24. Rumah Gavin

4K 745 102
                                    

Gavin hendak mengantar Bella pulang, tapi di tengah perjalanan Bella terpikir akan kemungkinan respon 'hebat' yang diberikan oleh keluarganya. Syukur-syukur mereka iba, tapi sayangnya itu masuk ke ranah kemustahilan. Daripada Bella memutar otak untuk menormalkan pandangan Gavin nantinya, Bella pun meminta Gavin untuk mengantar membeli baju saja.

Bella tidak tahu seperti apa pemikiran Gavin, yang jelas dia malah membawa Bella ke rumahnya. Apa boleh buat, Bella pun tidak tahan dengan kejelekan dirinya

Bella diperkenankan mandi di kamar Jola, dia juga dipinjamkan baju cewek itu. Sayangnya karena tinggi tubuh yang berbeda jauh, gaun yang seharusnya di atas garis lutut itu malah jadi setengah paha. Bukan jelek, malah lebih terlihat manis. Roknya jadi lebih mengembang berkat lekuk  pinggang tajam yang Bella punya.

"Cantik banget, Bella," puji Gita dengan senyum yang manis. Dia menghampiri Bella yang tengah menggosok rambut dengan handuk.

"Sini, Tante bantu keringin rambutnya."

"Nggak papa Tante, Bella bisa sendiri kok."

"Nggak papa." Gita meraih bahu Bella kemudian membuatnya terduduk pada bangku rias. Menghadap cermin berbentuk oval dengan ukiran di sekelilingnya.
Senyum senantiasa menghiasi wajah Gita. Tangan kanannya menyalakan hair dryer, sementara tangan yang lain mengurai rambut yang tergabung karena basah.

Di lain sisi atensi Bella ditarik habis. Tak sedikit pun pandanganya teralih atas apa yang Gita lalukan. Dari cermin Bella melihat bagaimana Gita menyentuh rambutnya, mengusap dengan lembut, sesuatu yang ... belum pernah Bella rasakan sebelumnya.
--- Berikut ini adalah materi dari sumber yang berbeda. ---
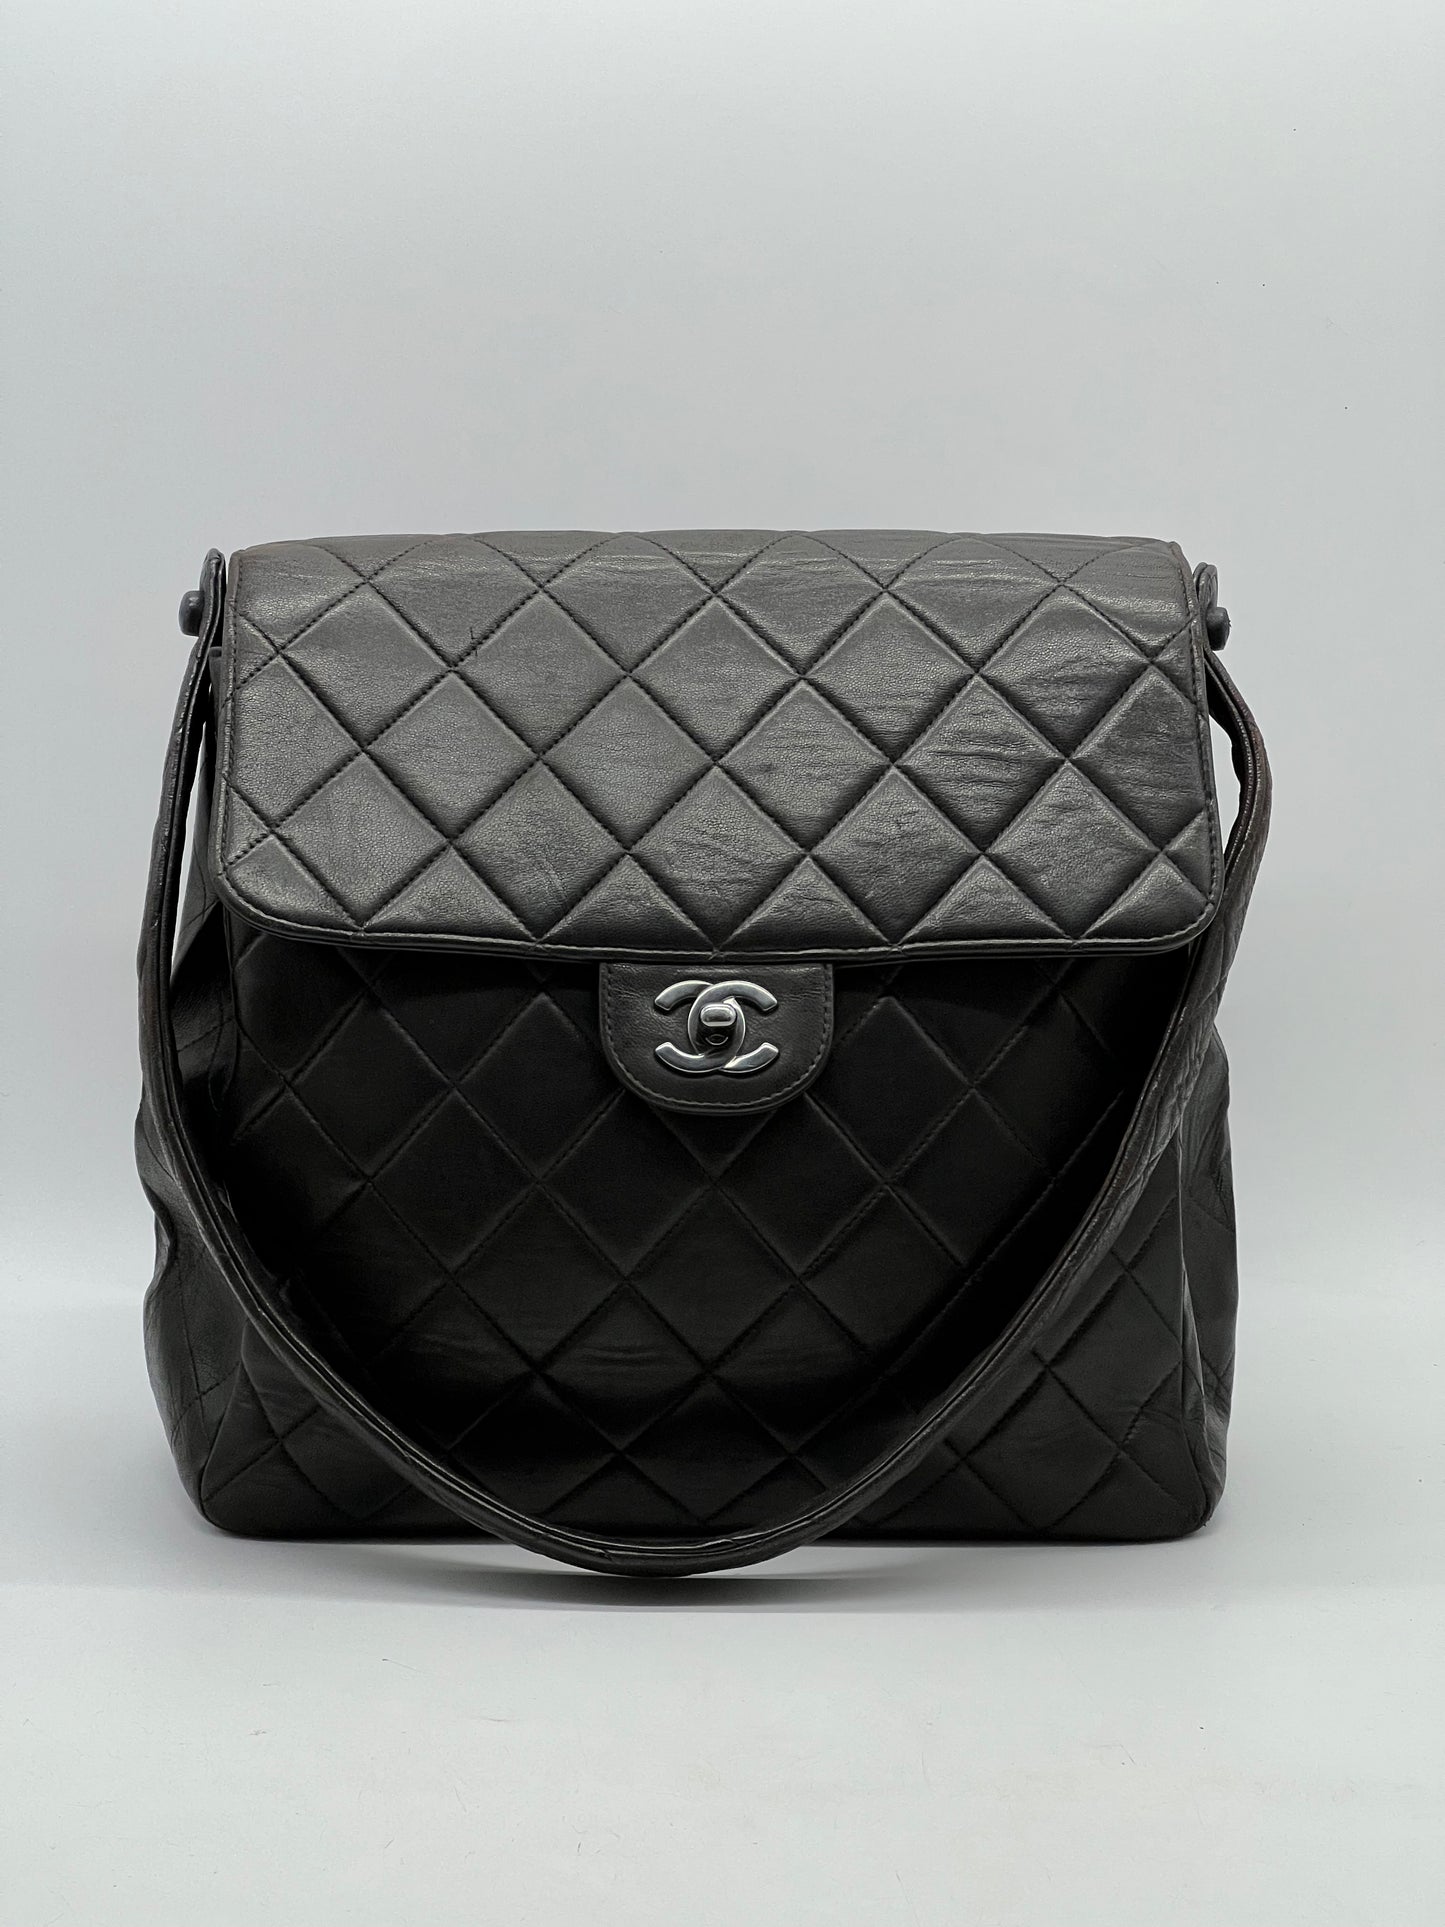 Chanel Vintage Double Sided Black Quilted Leather Medium Tote Hand Bag
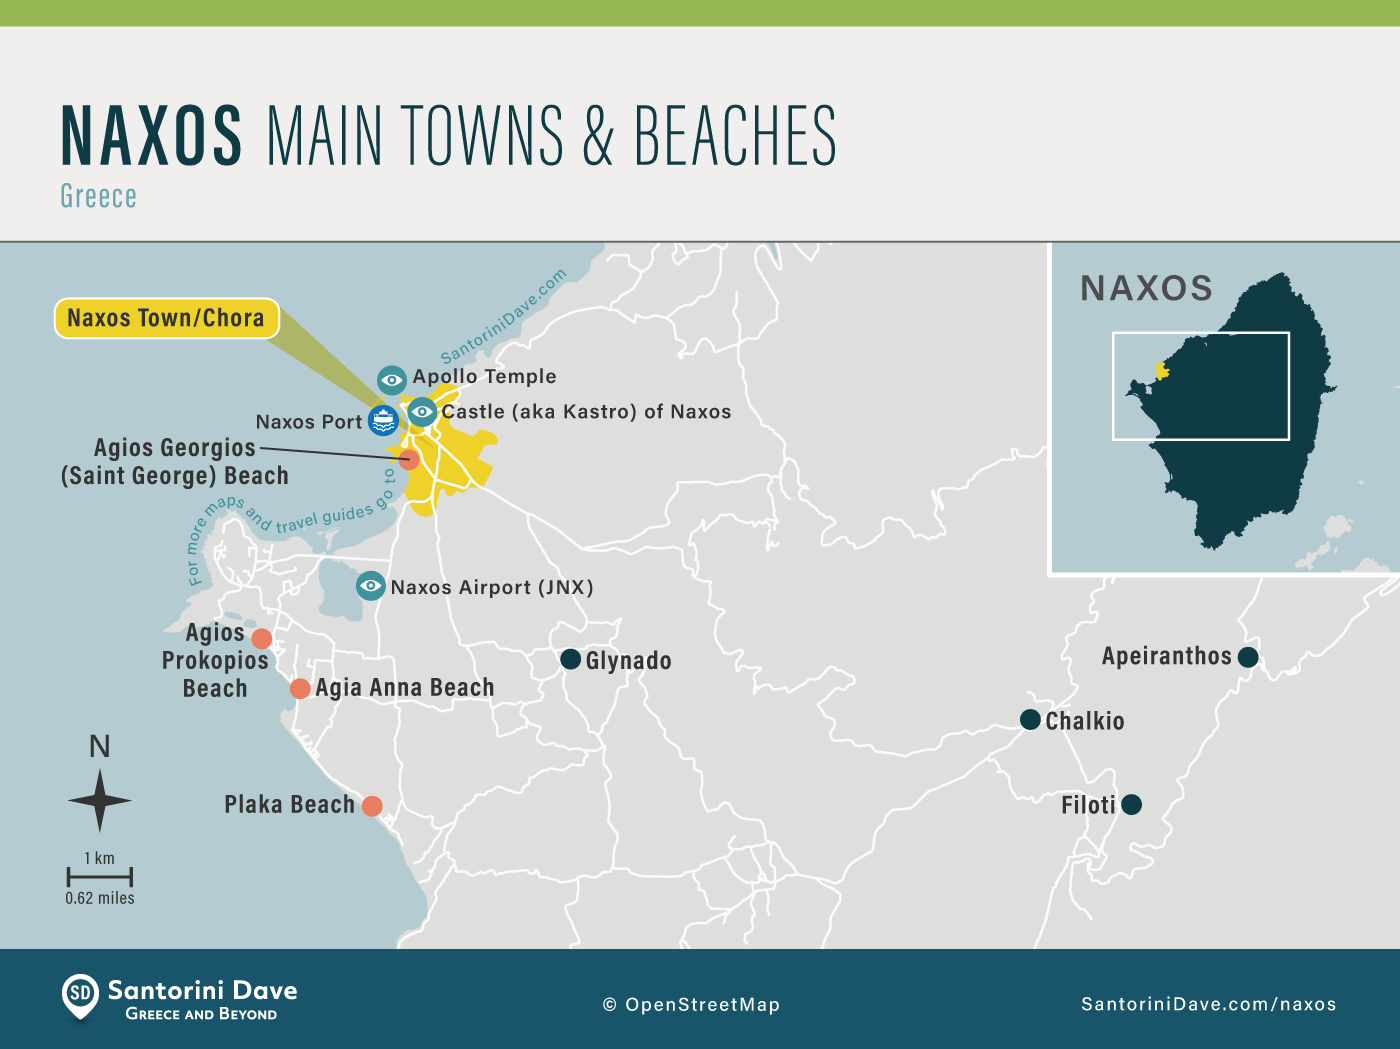 Map showing the main towns and beaches in the island of Naxos in Greece

Mamanya tidak pernah melakukan hal itu padanya.

Tapi tunggu, membayangkan Venni bersikap seperti Gita ... Bella tiba-tiba merasa mual.

Memang benar, Tuhan sudah menempatkan segala sesuatu dengan adil. Manusia cukup menerima dan mensyukurinya.

"Rambut Bella bagus banget ya, perawatannya apa aja?"

"Gitu-gitu aja kok, Tan." Bella memilih jawaban netral. Jika dijelaskan yang ada Bella akan terlihat seperti pegawai salon yang tengah promosi.

Gita mengusap pipi Bella dengan gemas. "Tau nggak, baru tadi pagi Tante nanya Gavin kapan ajak Bella main ke sini, eh Gavin bilang nggak bakal. Tapi belum ada satu jam Gavin malah bawa Bella ke sini, ya meskipun bukan karena hal baik. Menurut Bella ini takdir bukan?"

"Mungkin kebetulan aja, Tan." Bella tersenyum kecil dengan wajah sedikit menunduk.

"Bella sopan banget ya."

Tangan Bella meremas kecil. Ia ingin merasa senang, tapi sosok dalam dirinya sudah terbahak menertawai.

"Jola orangnya cerah banget ya?" tanya Bella mengalihkan topik. Tidak ingin Gita sampai melihat keanehan dari dirinya. Atau wanita itu menemukan jika Bella tidak sesopan pendapat dia itu.

"Kamu pasti nilai dari tempelan warna-warni yang banyak banget 'kan? Dia memang suka membuat catatan. Segala hal yang dia temui pasti ditulis di sticky note " Gita menatap ruang kamar putrinya itu.

"Kalo sama yang kenal deket sih emang berisik, tapi di luar itu, disapa pun dia nggak bakal nyaut." Gita tertawa kecil. "Eh ini rambut kamu mau ditata apa digerai aja?"

"Digerai aja, Tan."

Gita pun mulai menyisir rambut Bella yang sudah kering itu. Gerakannya benar-benar sangat lembut hingga Bella tidak merasakan rambutnya tertarik.

"Beres, udah cantik."

Bella menoleh pada wanita itu. "Makasih ya, Tan."

Gita mengangguk. "Ya udah, kita keluar yuk."